# [Directions]
Return the listing below unchanged, except that the pictures are dropped.

# [Provided material]
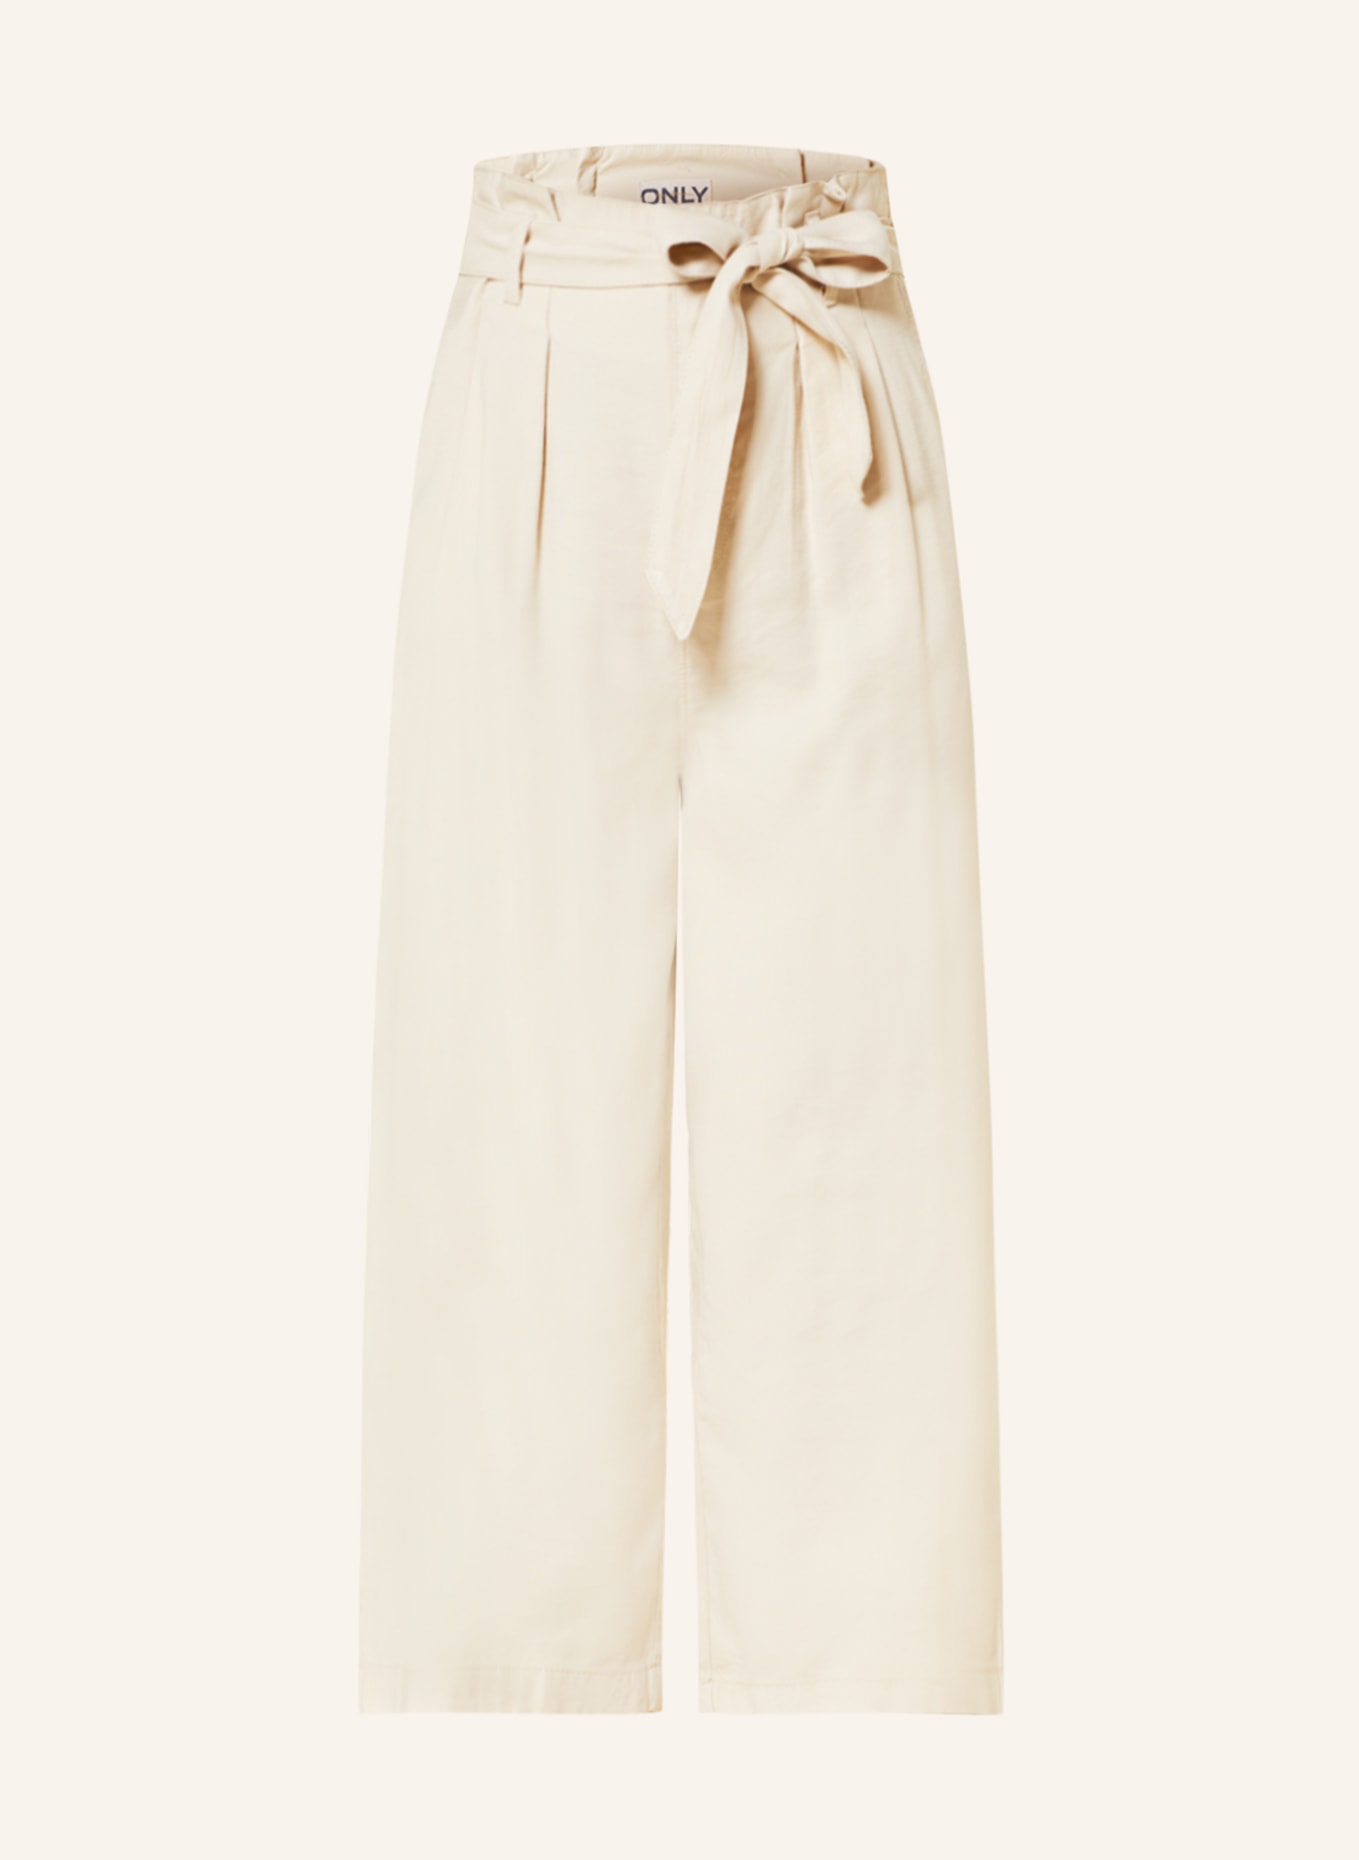 ONLY Culottes, Color: CREAM (Image 1)
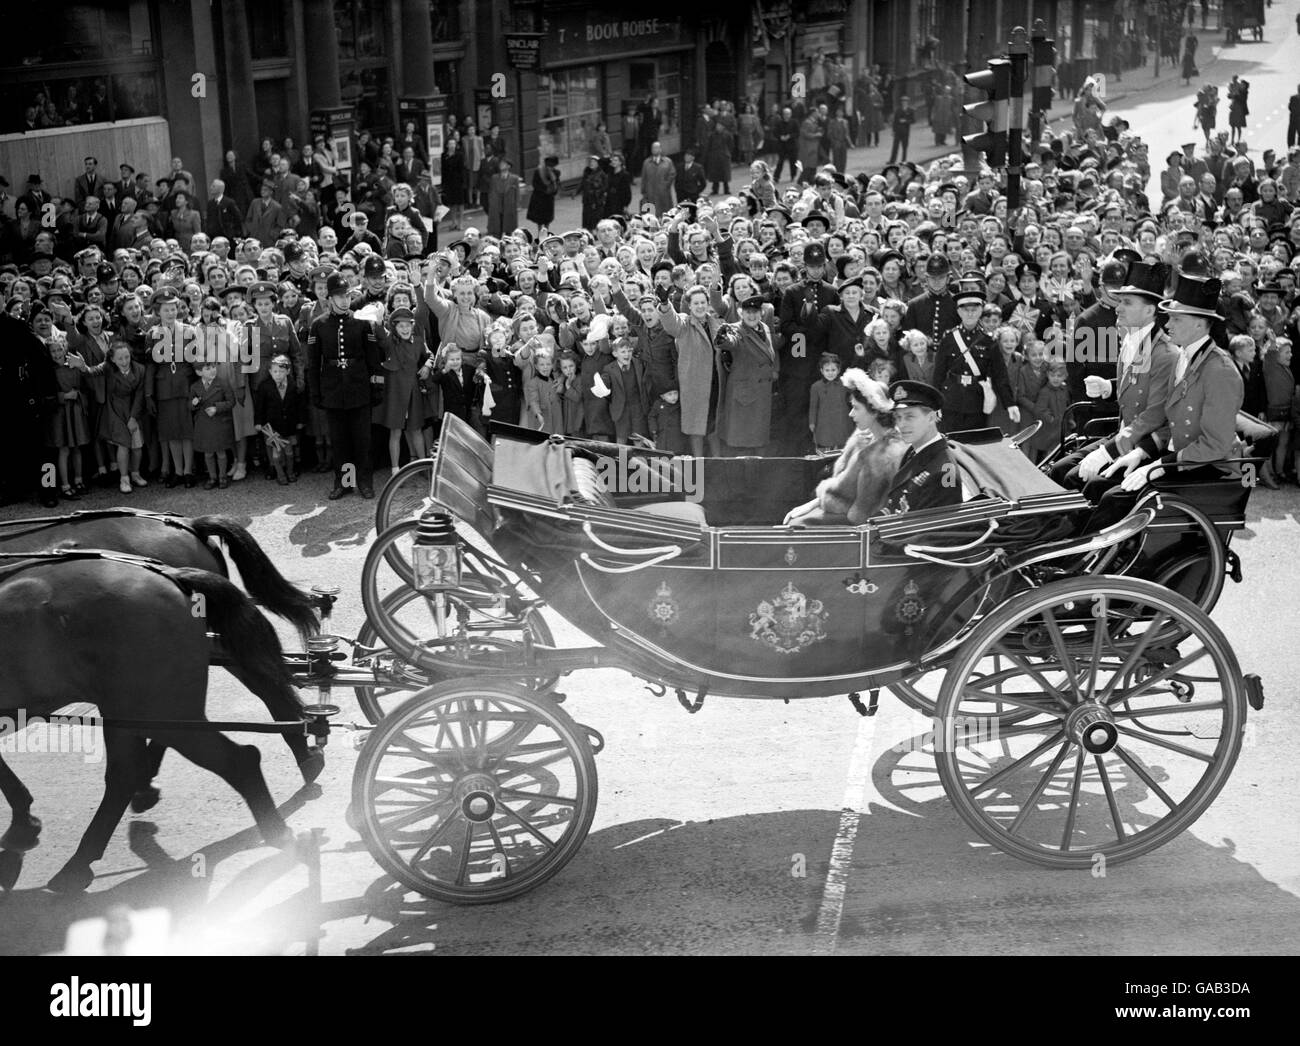 Princess Elizabeth and the Duke of Edinburgh passing through Trafalgar Square, on their way to St Paul's Cathedral for the Silver Wedding Thanksgiving Service for King George VI and Queen Elizabeth. Stock Photo
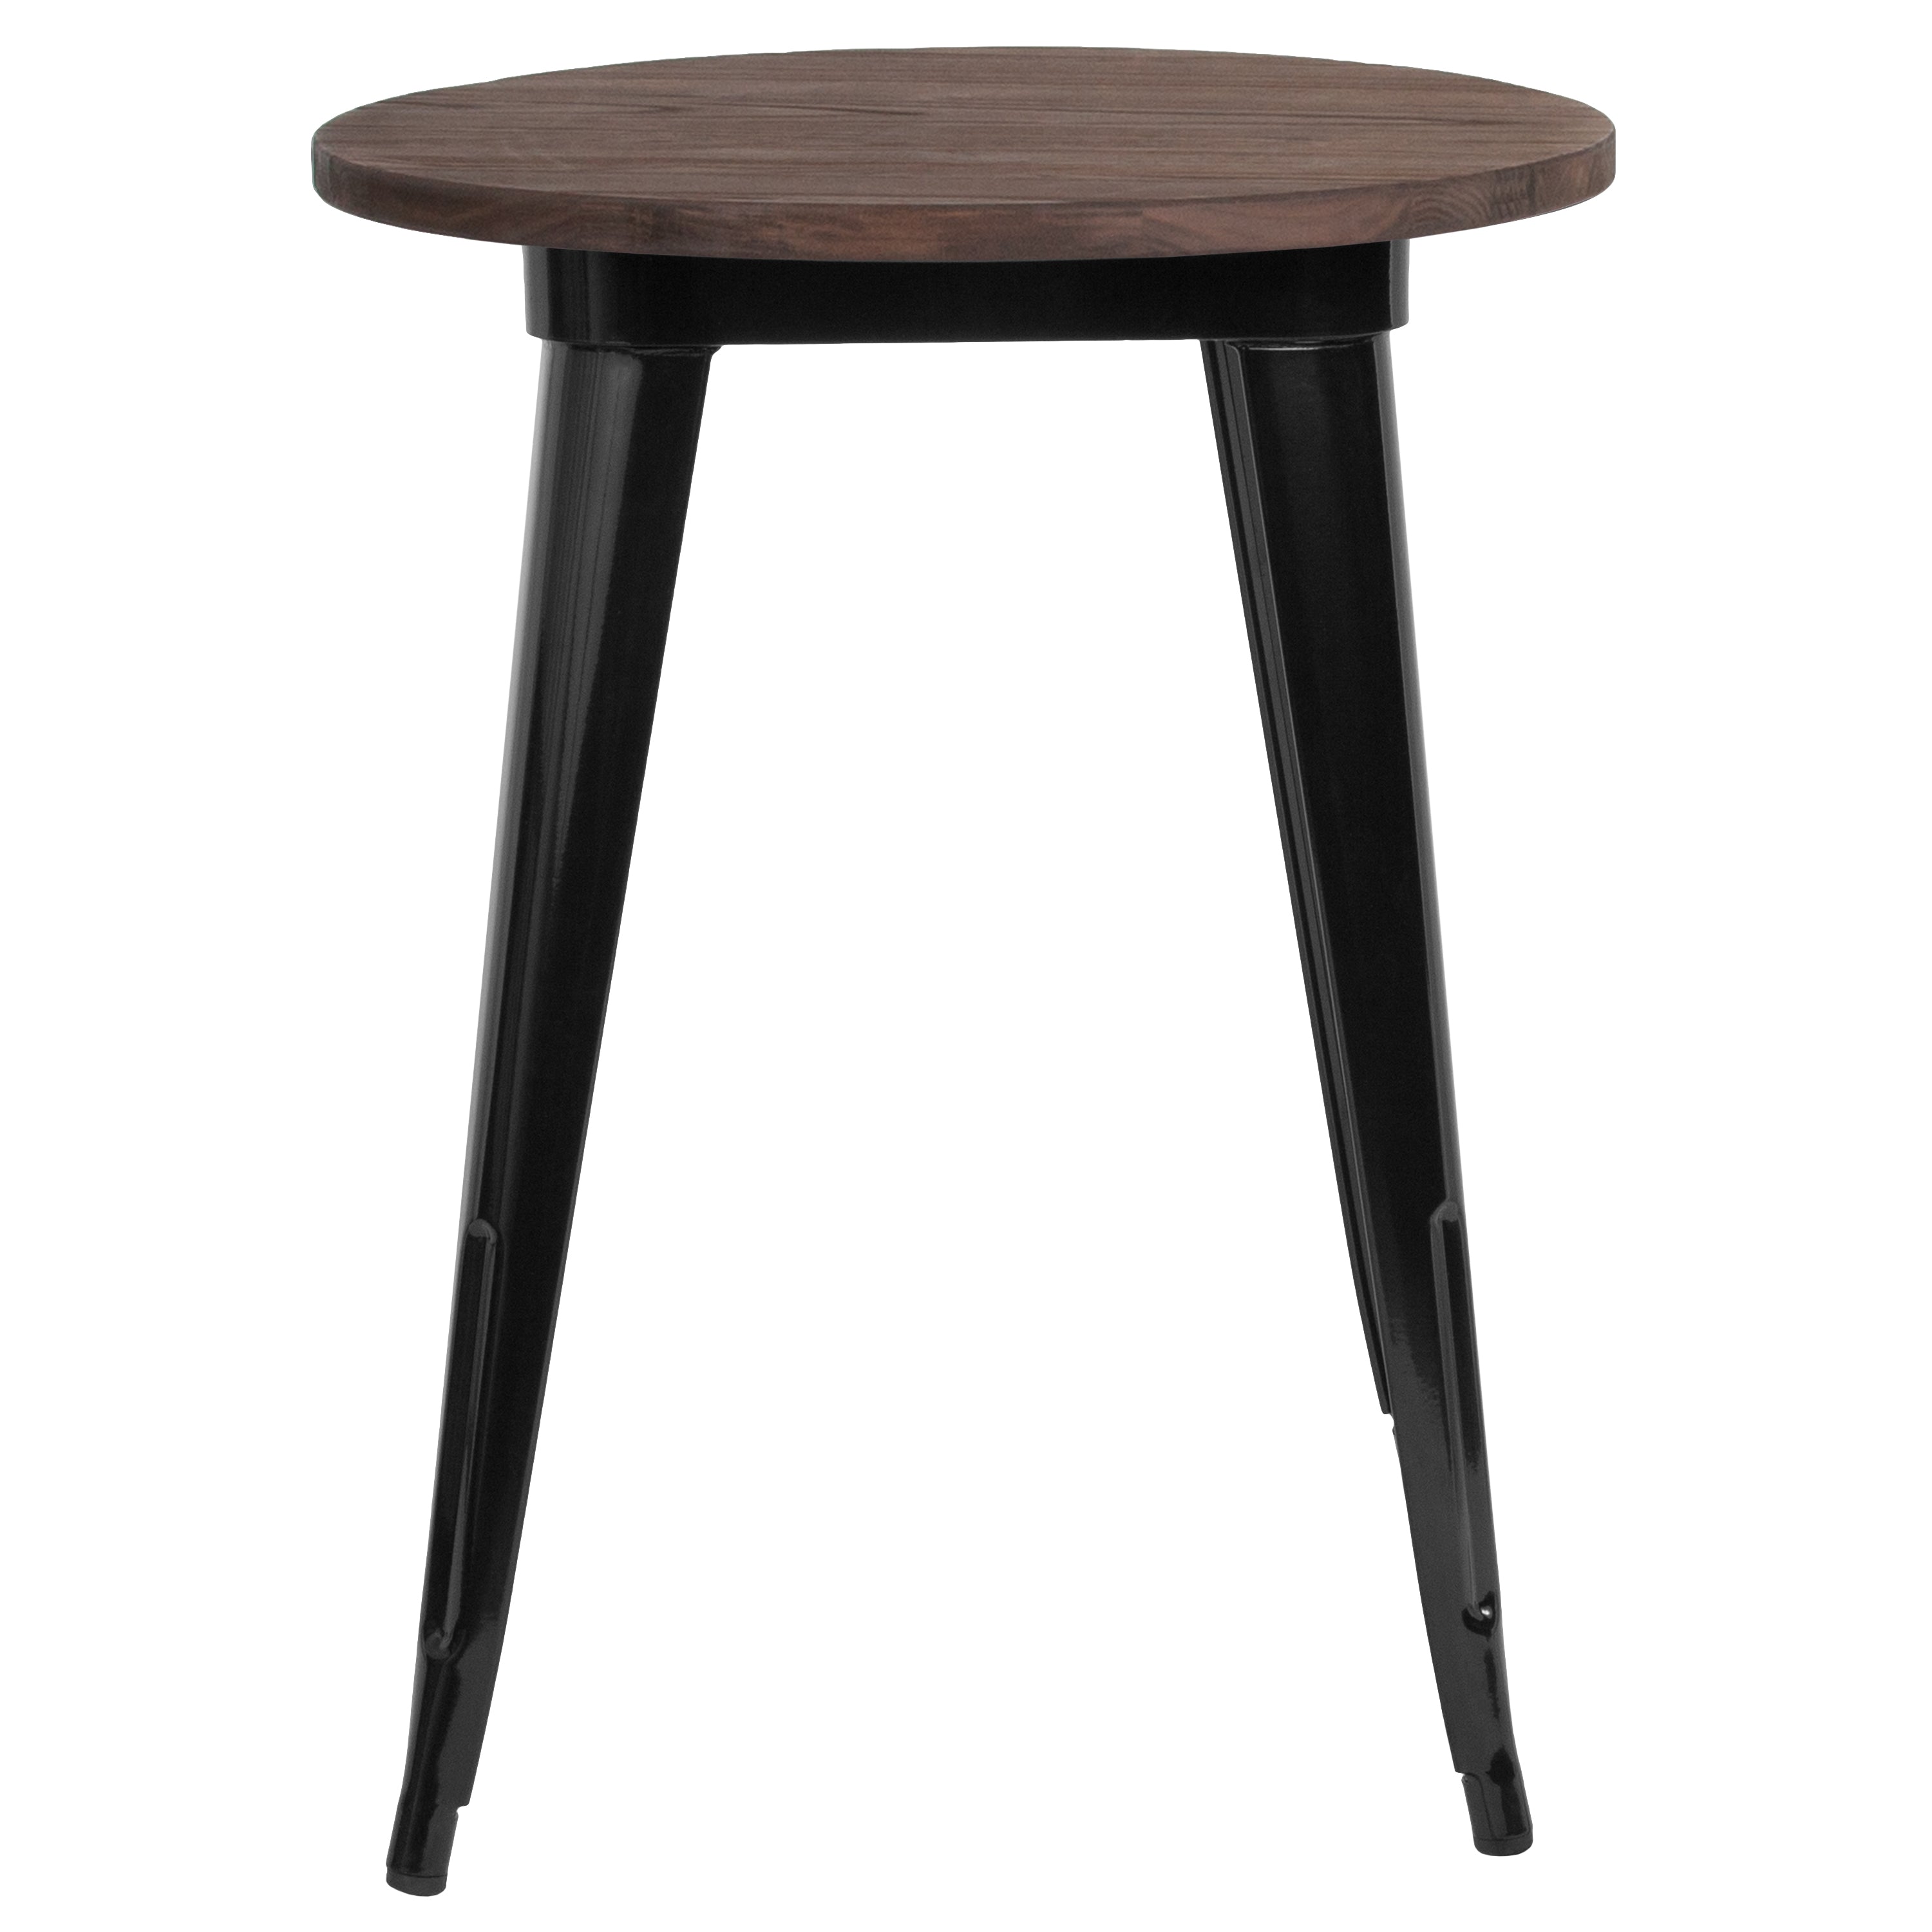 24" Round Metal Indoor Table with Rustic Wood Top-Metal/ Colorful Restaurant Table-Flash Furniture-Wall2Wall Furnishings

# [Task answer]
 ONLY Culottes, Color: CREAM (Image 1)
 Princess Elizabeth and the Duke of Edinburgh passing through Trafalgar Square, on their way to St Paul's Cathedral for the Silver Wedding Thanksgiving Service for King George VI and Queen Elizabeth. Stock Photo
 24" Round Metal Indoor Table with Rustic Wood Top-Metal/ Colorful Restaurant Table-Flash Furniture-Wall2Wall Furnishings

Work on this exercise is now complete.